Thank you for your question.
Absolutely. When I gave my earlier presentation, I talked about a number of policy objectives by governments provincially and federally. COP21 is certainly one. As somebody who is now spending a lot of time in the High Arctic, I can tell you that when you speak to people who have lived there on the land all their lives, global warming is real. Its impact in the north is greater than anywhere in the south. There's no question about that. Where they used to have three months of winter roads, they now have seven or eight weeks to get the material in to get their stuff for the winter.
You're absolutely right. I just did some numbers. We think there's probably about 500 megawatts of diesel being burned in these communities. That's the generation capacity. Each megawatt of diesel generates 2,500 tonnes per year of greenhouse gases. If I look at this, it tells me in total what we think the megawatts out there are: it's 25,500,000 tonnes of greenhouse gases that are going into a very pristine, fragile environment in our northern communities. It has way more impact there than it does down here in Halifax, or in Ottawa. I can absolutely tell you that.
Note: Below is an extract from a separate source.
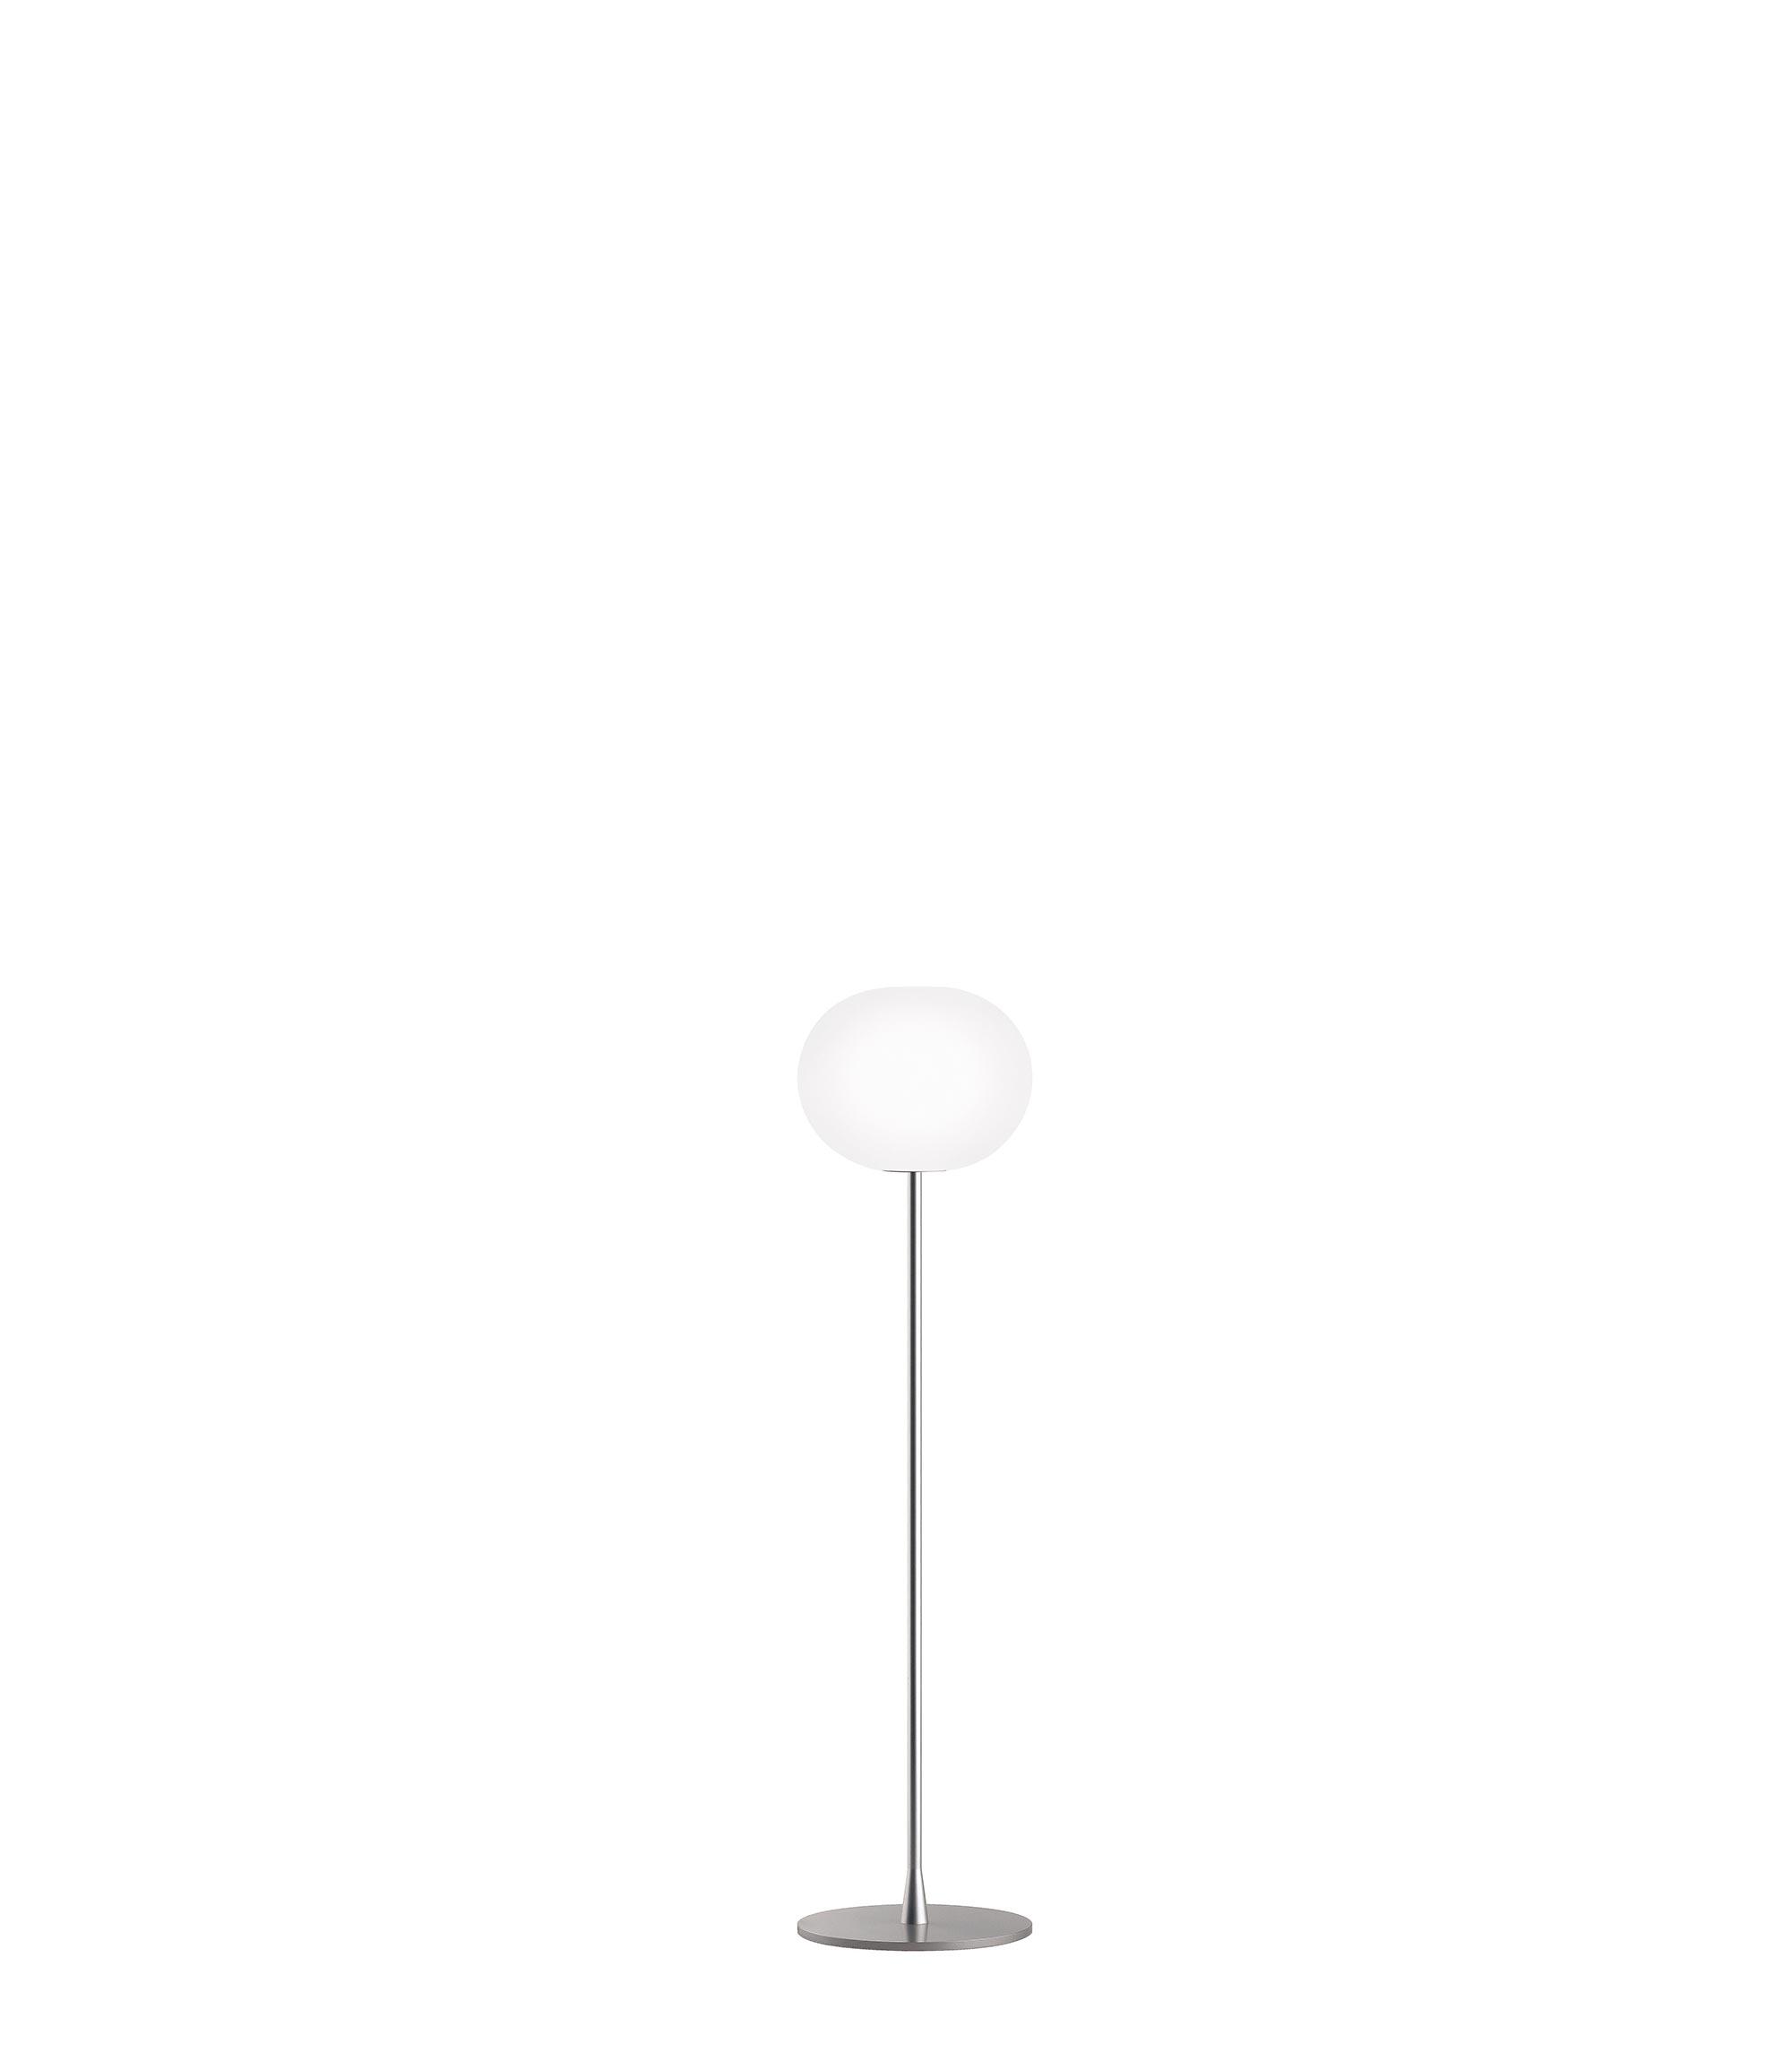 Glo ball floor 1 morrison flos F3031020 product still life big 2

The other imperative to try to move away from this is on the environmental front. I will say there's a federal/provincial task force on diesel reduction that's been working for over a year, and there are a number of interprovincial committees, but the time for action is right now. The indigenous communities in Canada are no longer content to have utilities and governments tell them what's going to be okay on their land, including extractive industries or whatever. They now say they have control of it, and we must agree.
In every community I go into, not one wants diesel. I go into Quebec. I go into the Makivik region up in Nunavik. There are 14 diesel-dependent communities on that land base. Every one of them wants to move, but it is a complex move. Dollars are important. That's why the federal government needs to be a coordinator here. The federal government has a constitutional responsibility to Canada's indigenous people.
I think for far too long they've found it too complicated to deal with the provincial or territorial government, the federal government, or a utility. The federal government needs to lead on this. For no other reason than for climate change, they definitely need to lead.